No, the real problem with plot-recounting for this novel is the fact that the virtually every reader will consider it secondary to the vast theoretical backdrop against which that plot takes place. This is a novel of big ideas, foremost of which is that the galaxy is arranged in hierarchical accretion-discs of advancement, with the dense, primitive Unthinking Depths comprising the center. Outward from that is the Slow Zone, and then finally the outermost Beyond, where higher technologies - and the physical laws that support them - thrive.
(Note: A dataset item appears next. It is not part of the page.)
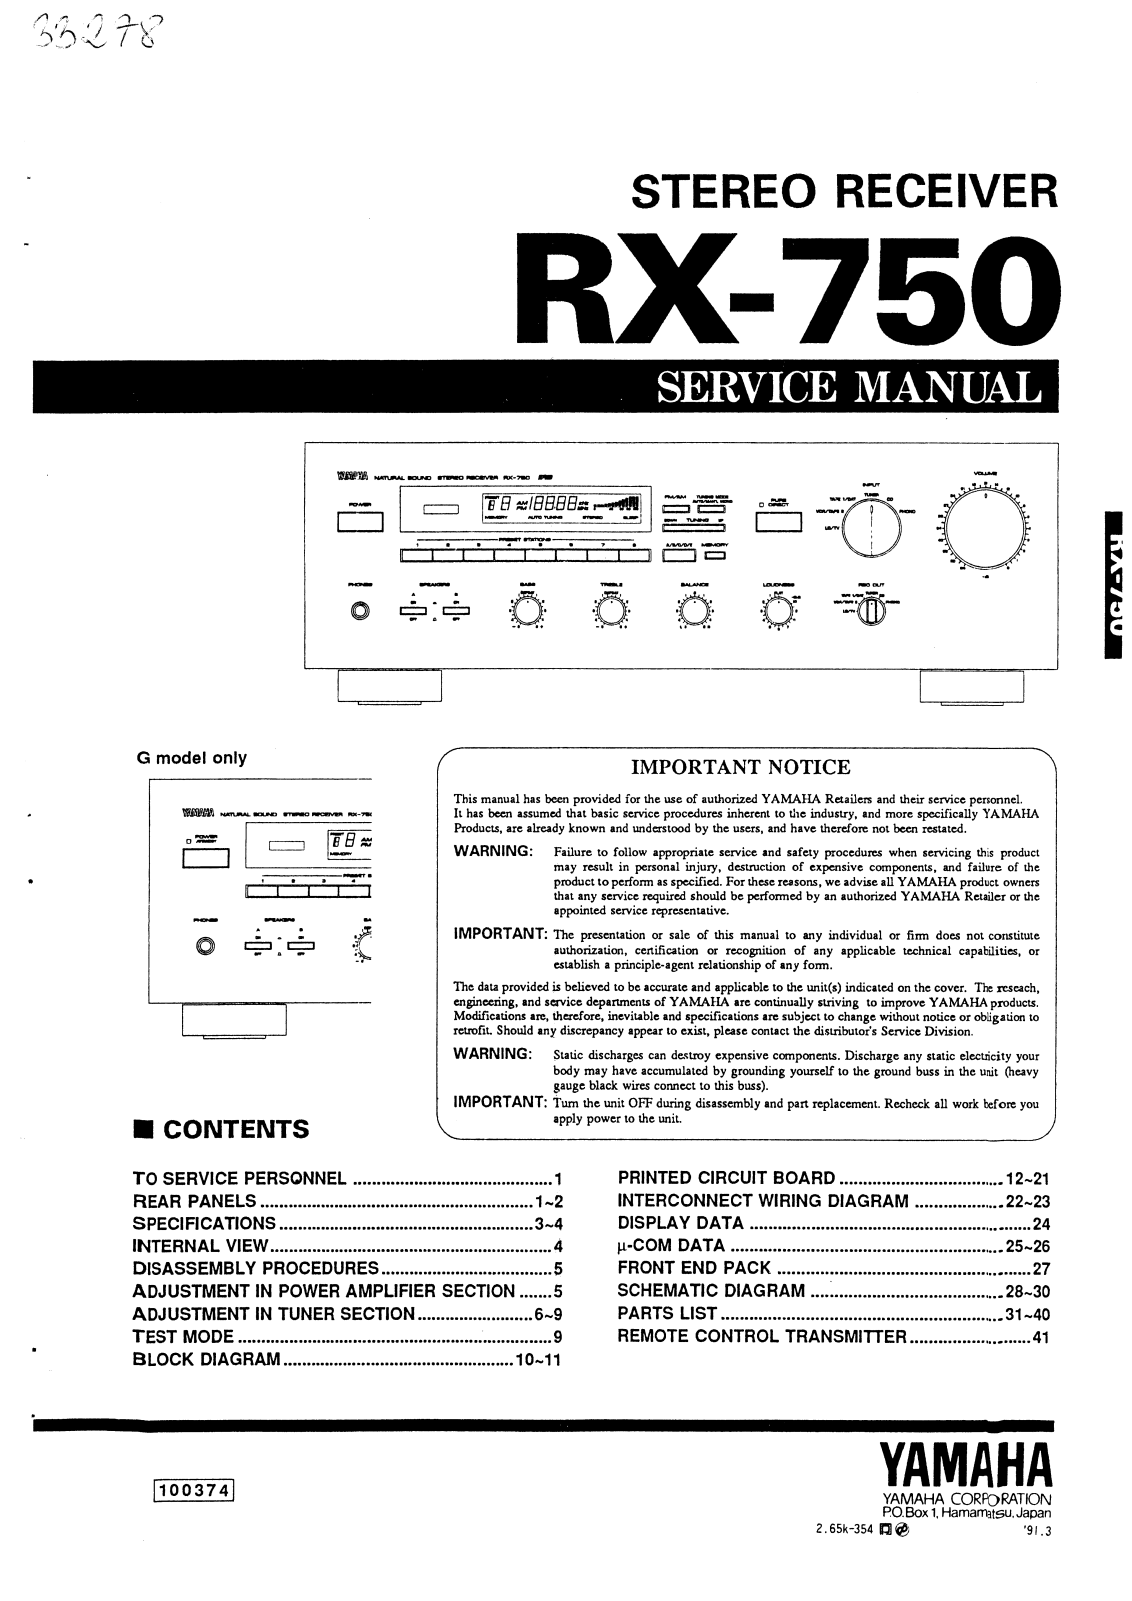 Yamaha RX-750 Service Manual
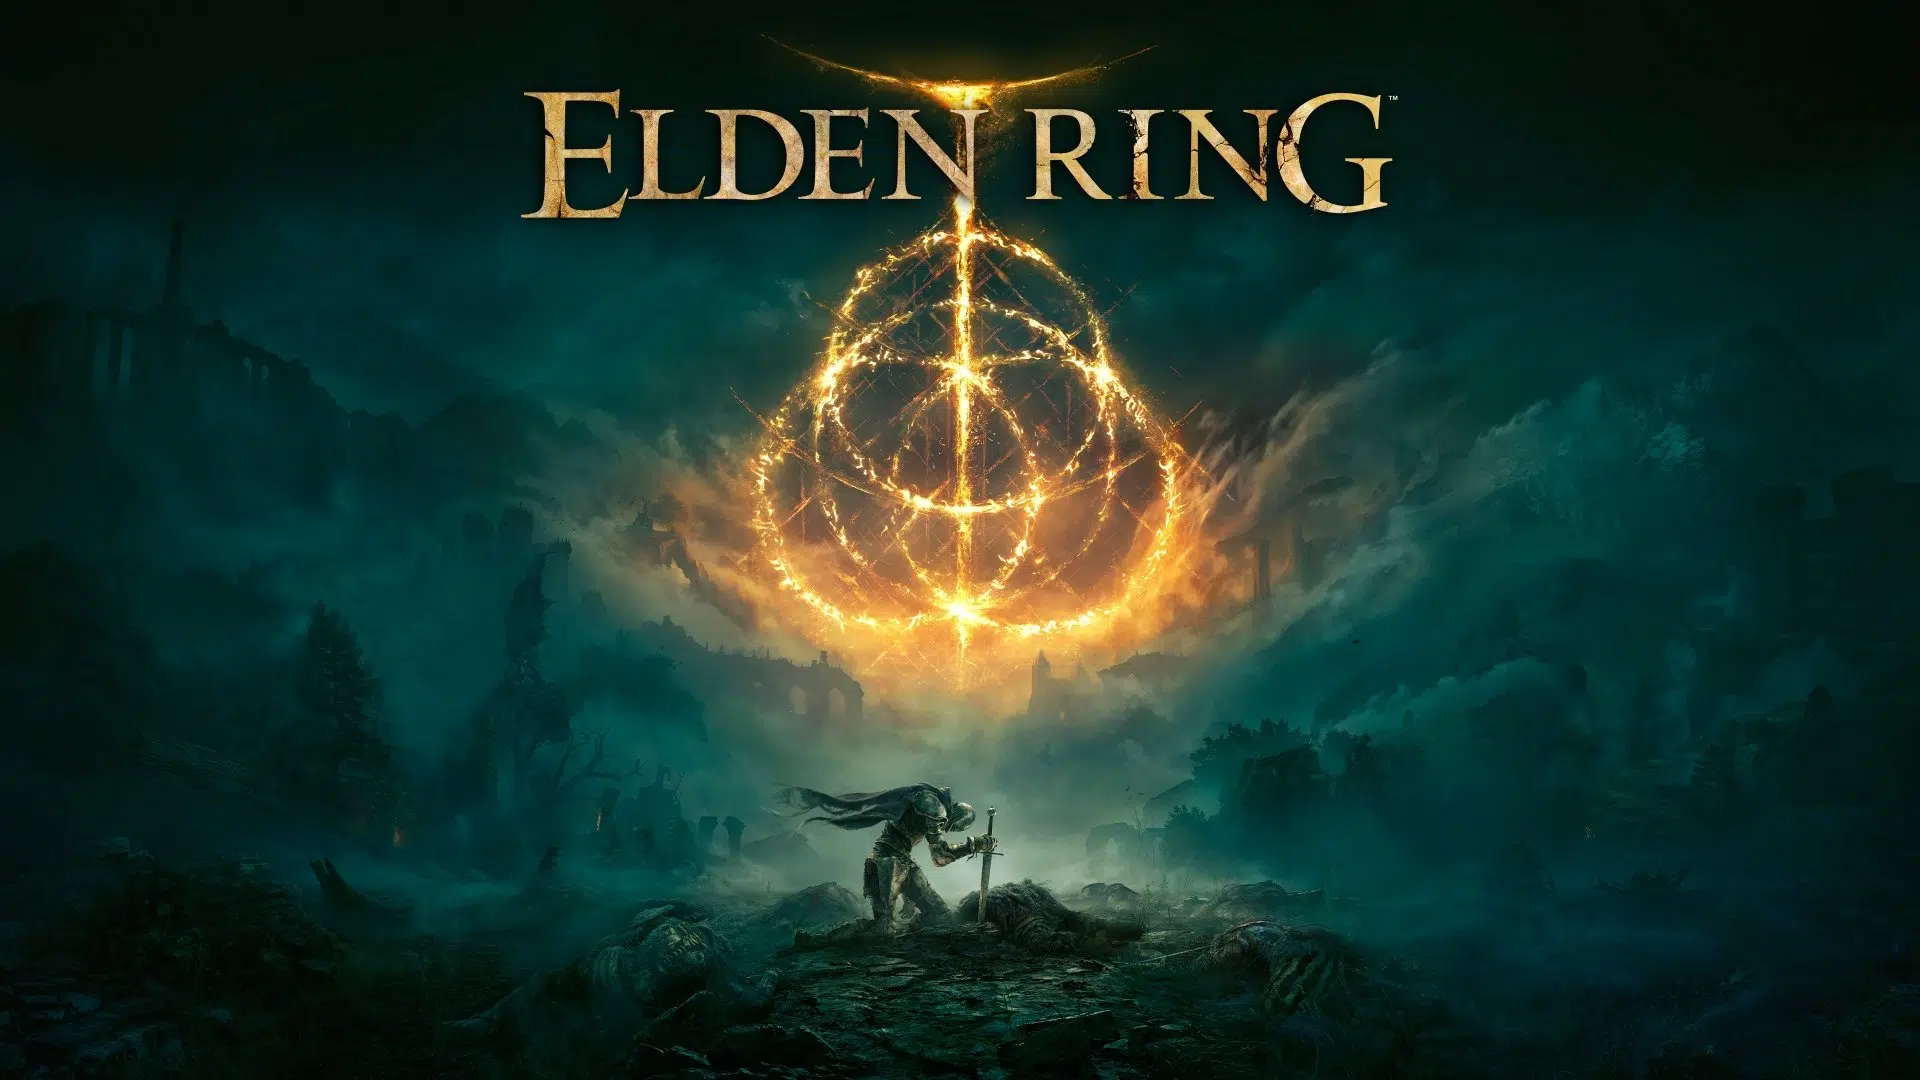 Elden Ring units sold

These "Zones of Thought" each come with their own local physics, and Vinge devotes a large part of the novel to more or less purely theoretical musings on what it might be like to move from a wireless universe to a dial-up universe, and then perhaps to a pre-computer universe. That the book was first written when the Internet as we know it today was in its infancy makes these musings all the more haunting and impressive.In short, it's all catnip to science fiction fans, who (rightly) treasure this kind of theoretical world-and-system-building by genre authors - but it's a tough sell to the rest of the reading world. Science fiction readers dedicated to making the effort (and I'm one of them, obviously) could do worse than to point out that such hipster-embraced 'experimental' novels as James Joyce's Ulysses and Thomas Pynchon's Gravity's Rainbow also require their readers to a) work hard, b) be flexible, and c) adopt a large and punctiliously detailed new vocabulary. The presumption with those works is that payoff will justify the effort. The same is hugely true of A Fire Upon the Deep, spaceships notwithstanding.